Your answer must be a word-for-word copy of the listing below, minus its pictures.
START DATA PROVIDED
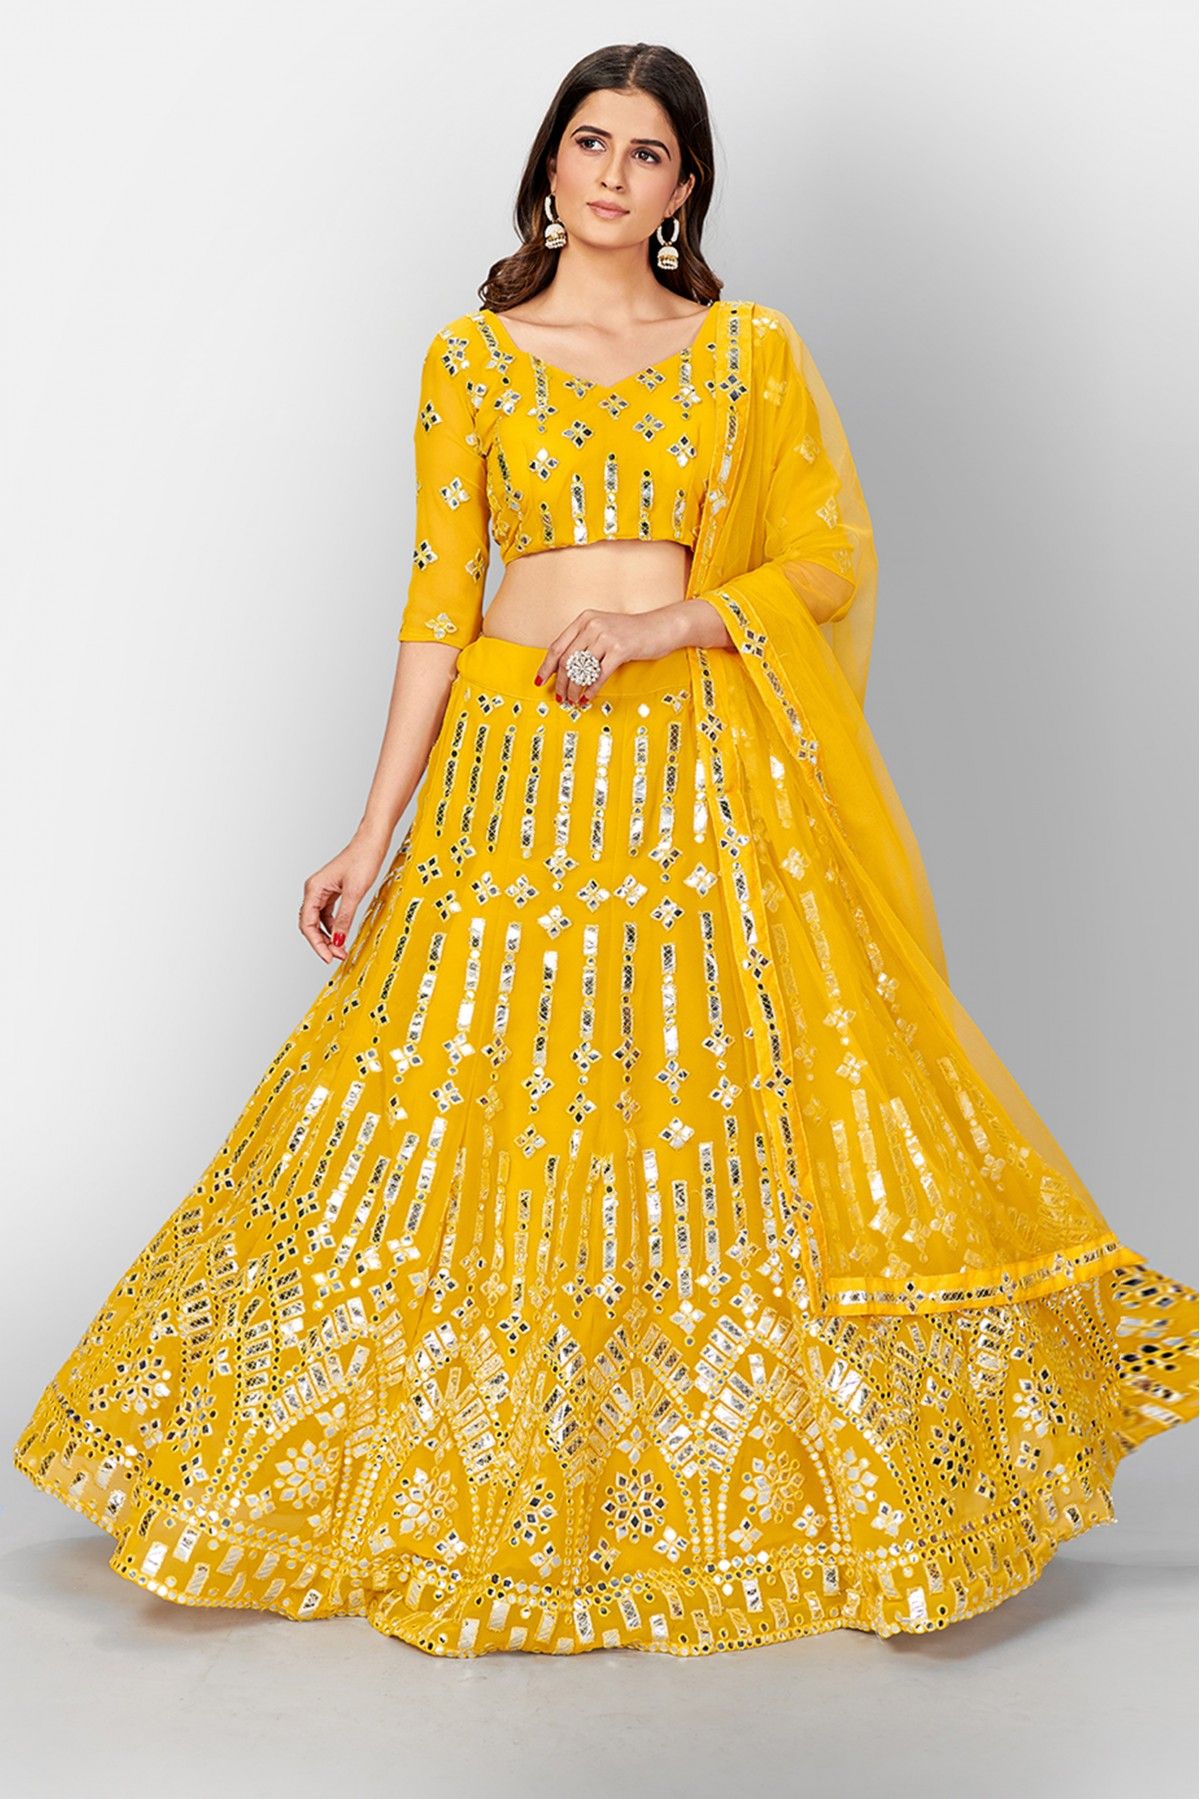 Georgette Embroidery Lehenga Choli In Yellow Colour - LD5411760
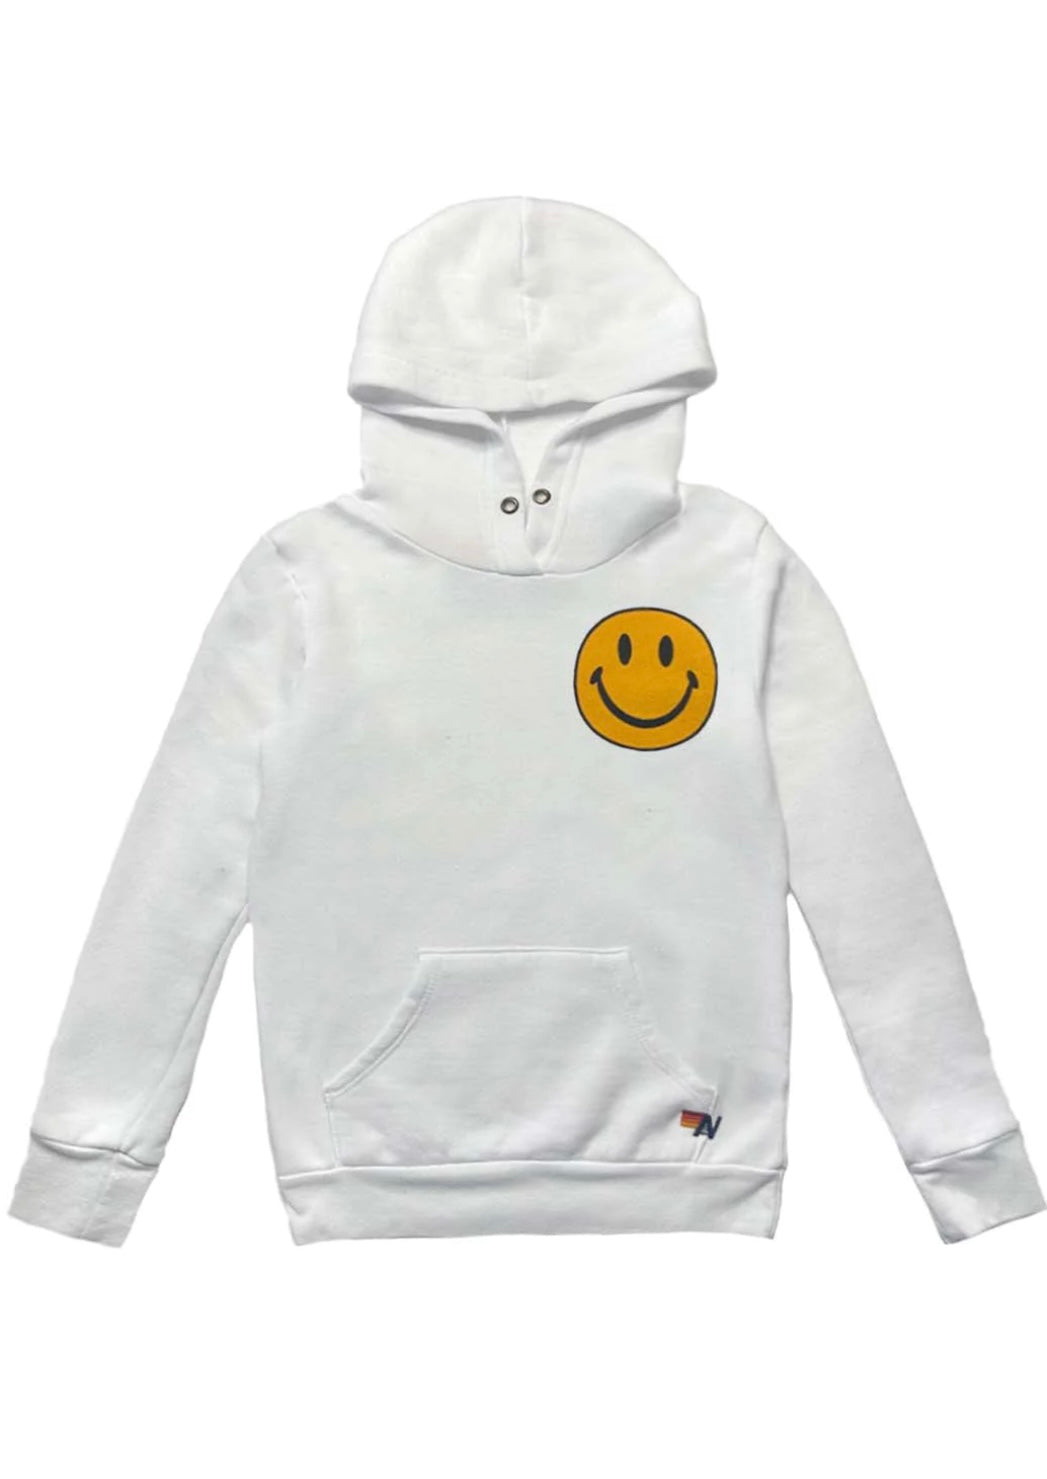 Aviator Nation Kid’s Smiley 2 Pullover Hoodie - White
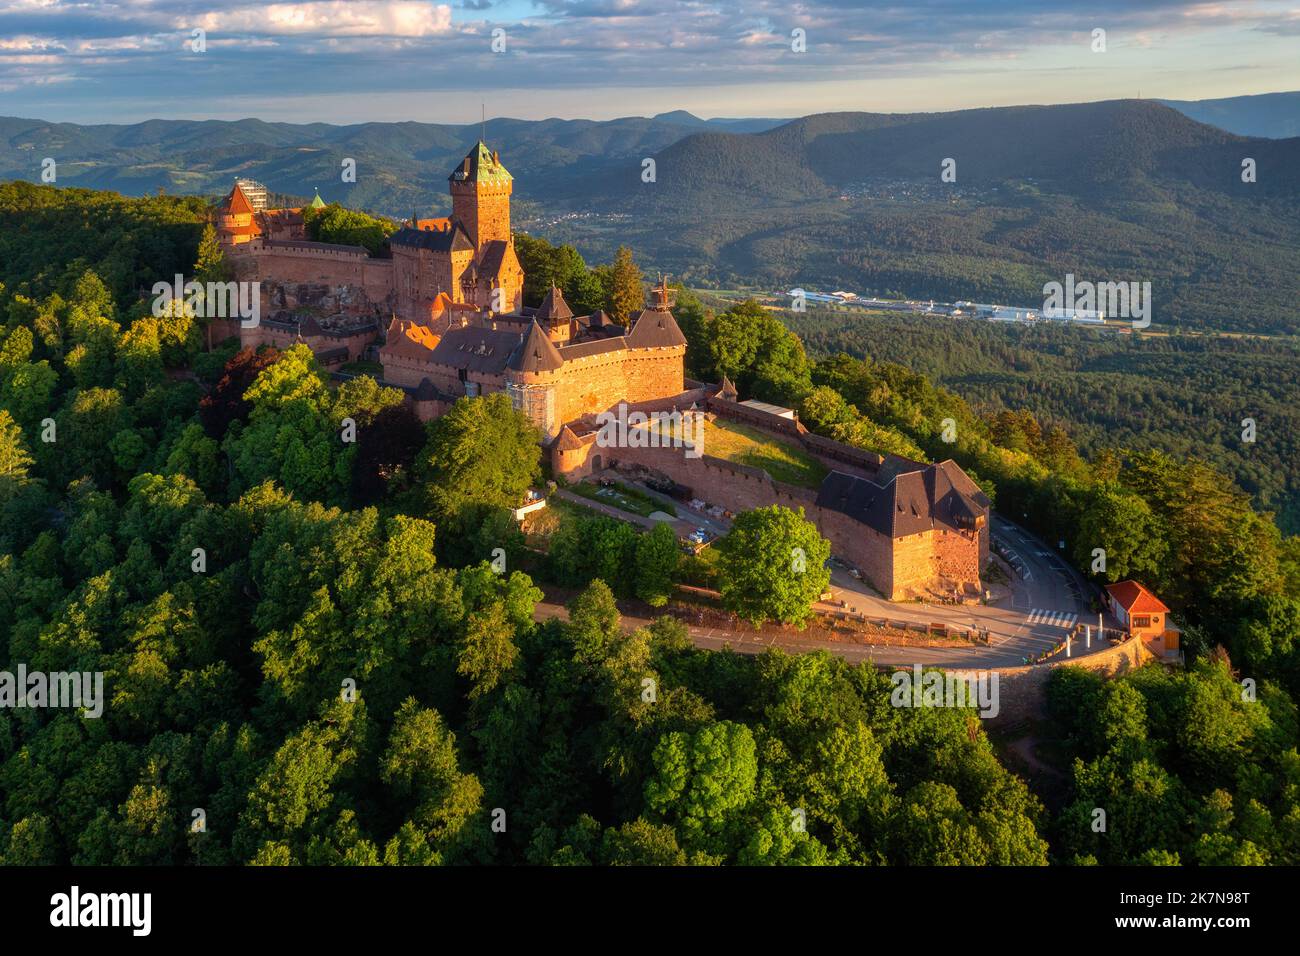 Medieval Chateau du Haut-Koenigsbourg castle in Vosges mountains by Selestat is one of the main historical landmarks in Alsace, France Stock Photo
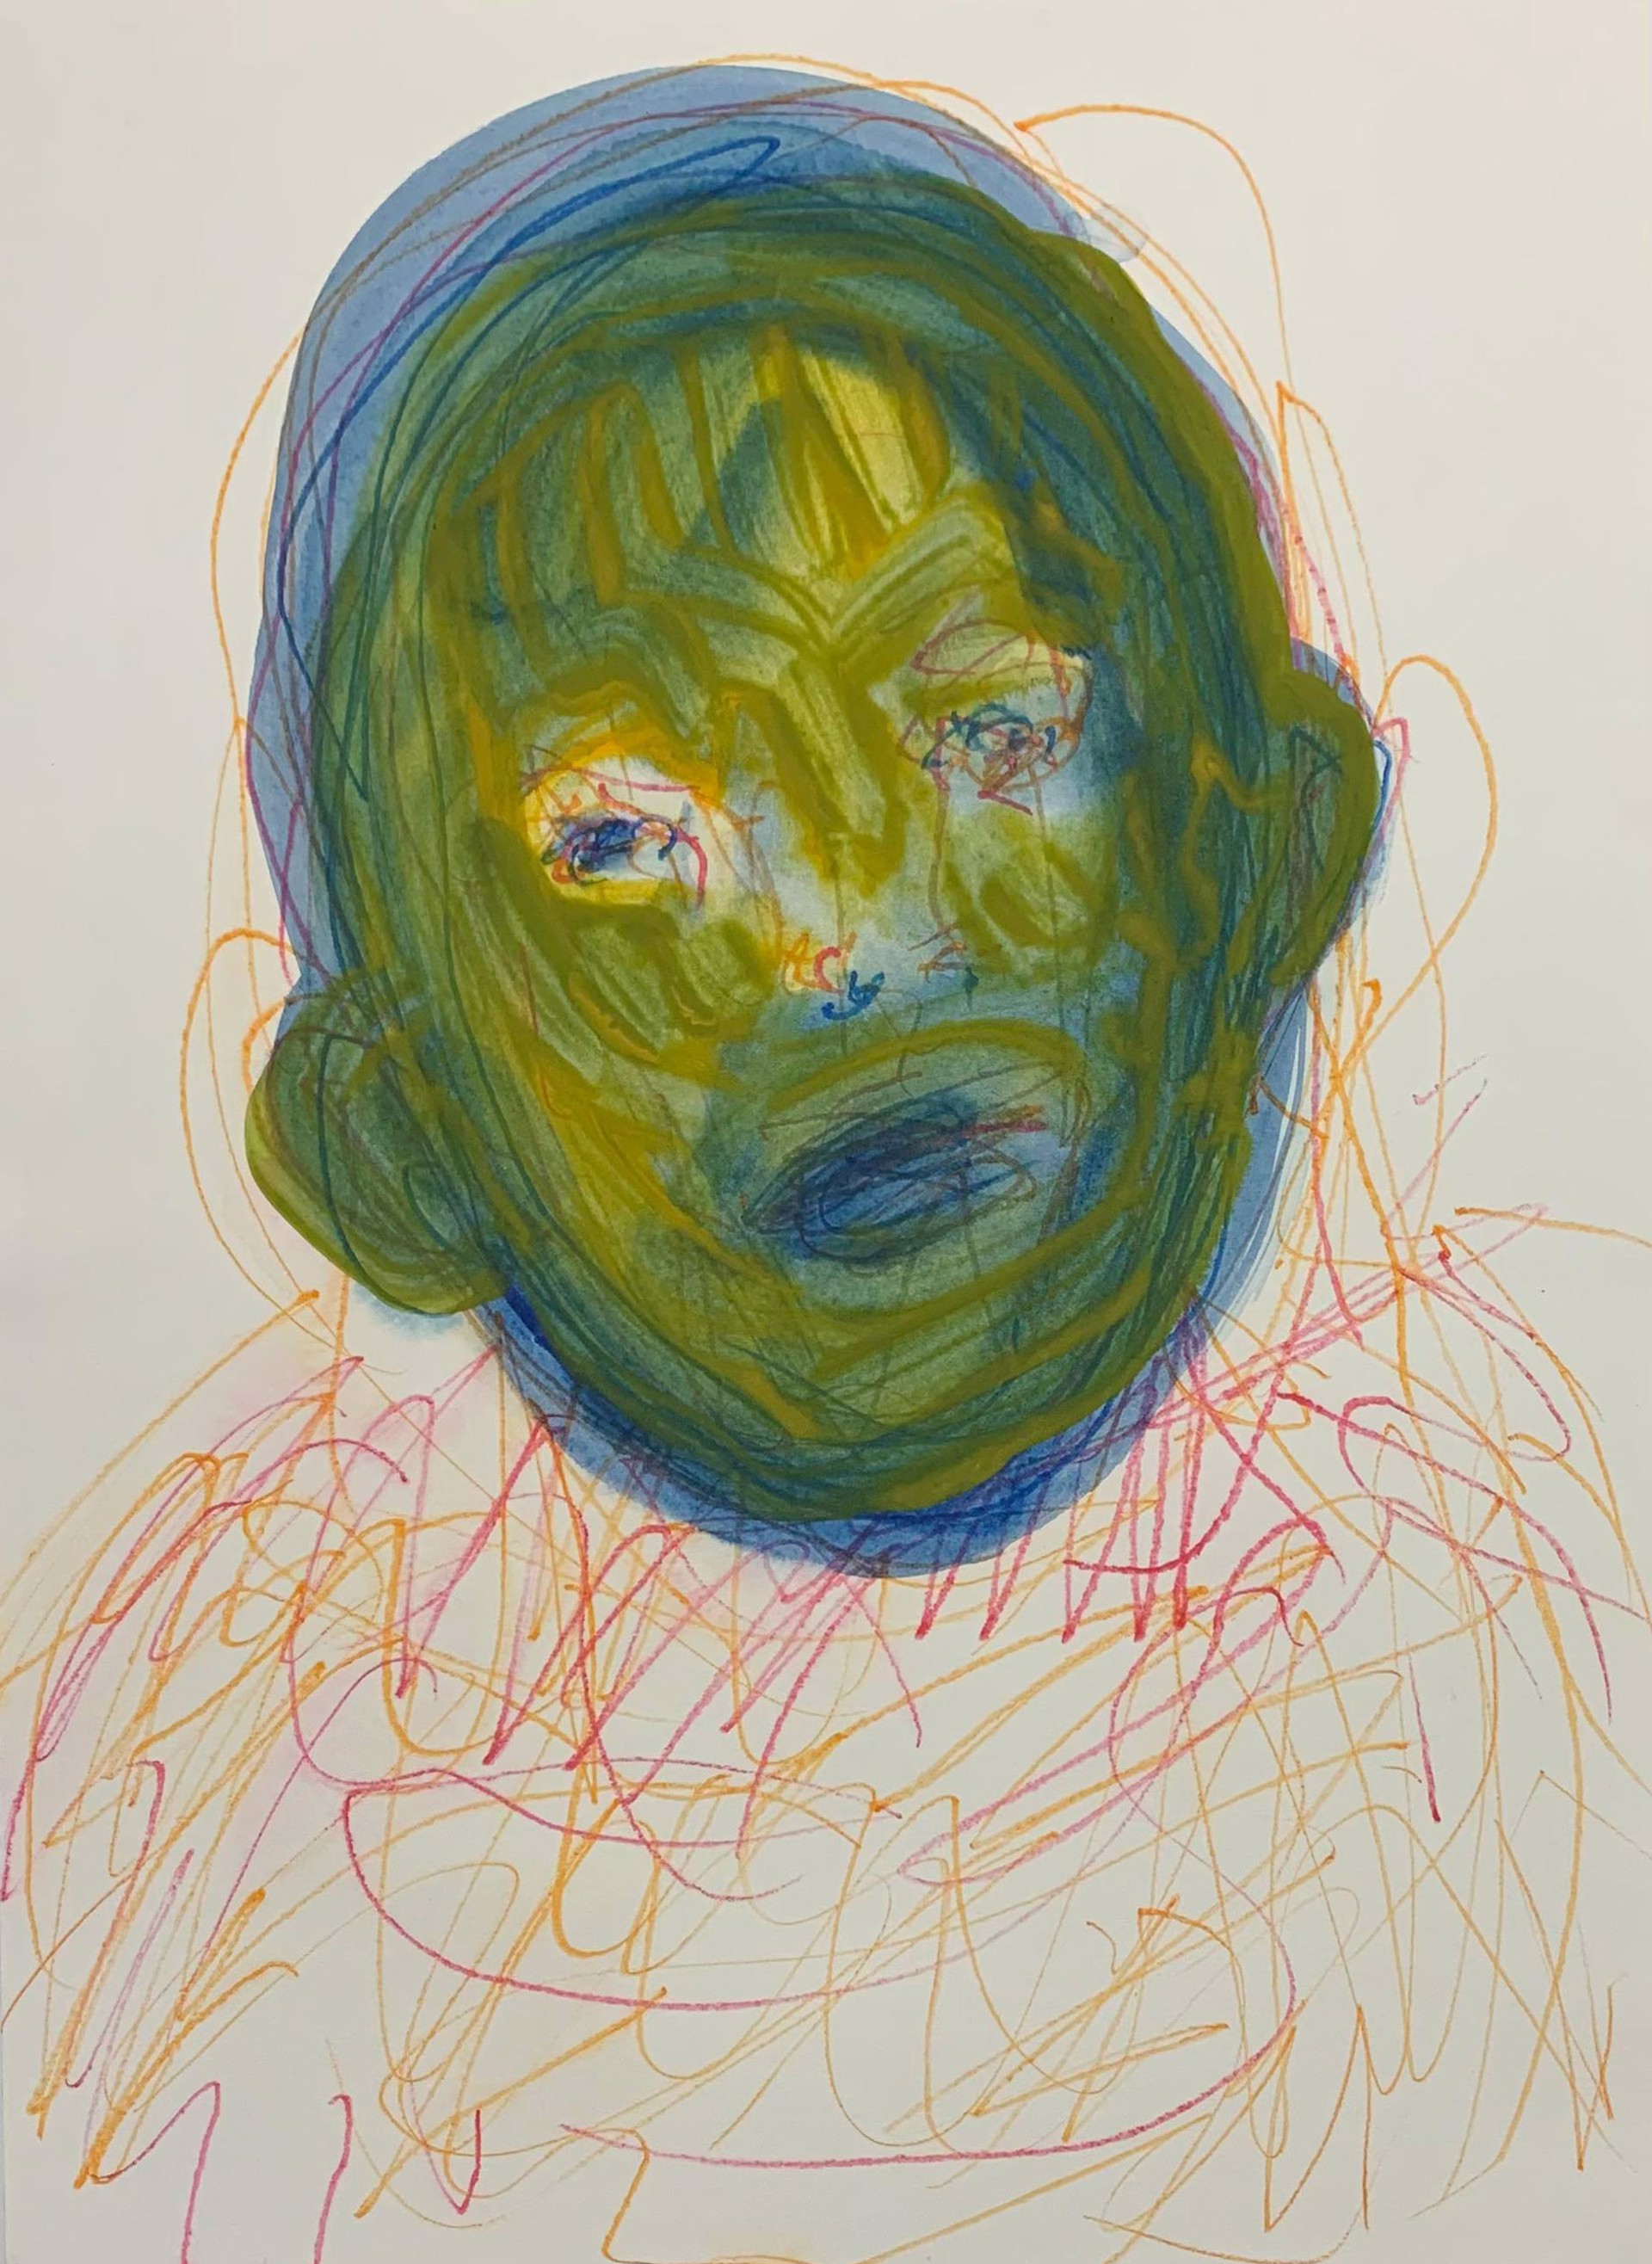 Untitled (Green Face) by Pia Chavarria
END DATA PROVIDED
| RESULT OF THE TASK |
 Georgette Embroidery Lehenga Choli In Yellow Colour - LD5411760
 Aviator Nation Kid’s Smiley 2 Pullover Hoodie - White
 Medieval Chateau du Haut-Koenigsbourg castle in Vosges mountains by Selestat is one of the main historical landmarks in Alsace, France Stock Photo
 Untitled (Green Face) by Pia Chavarria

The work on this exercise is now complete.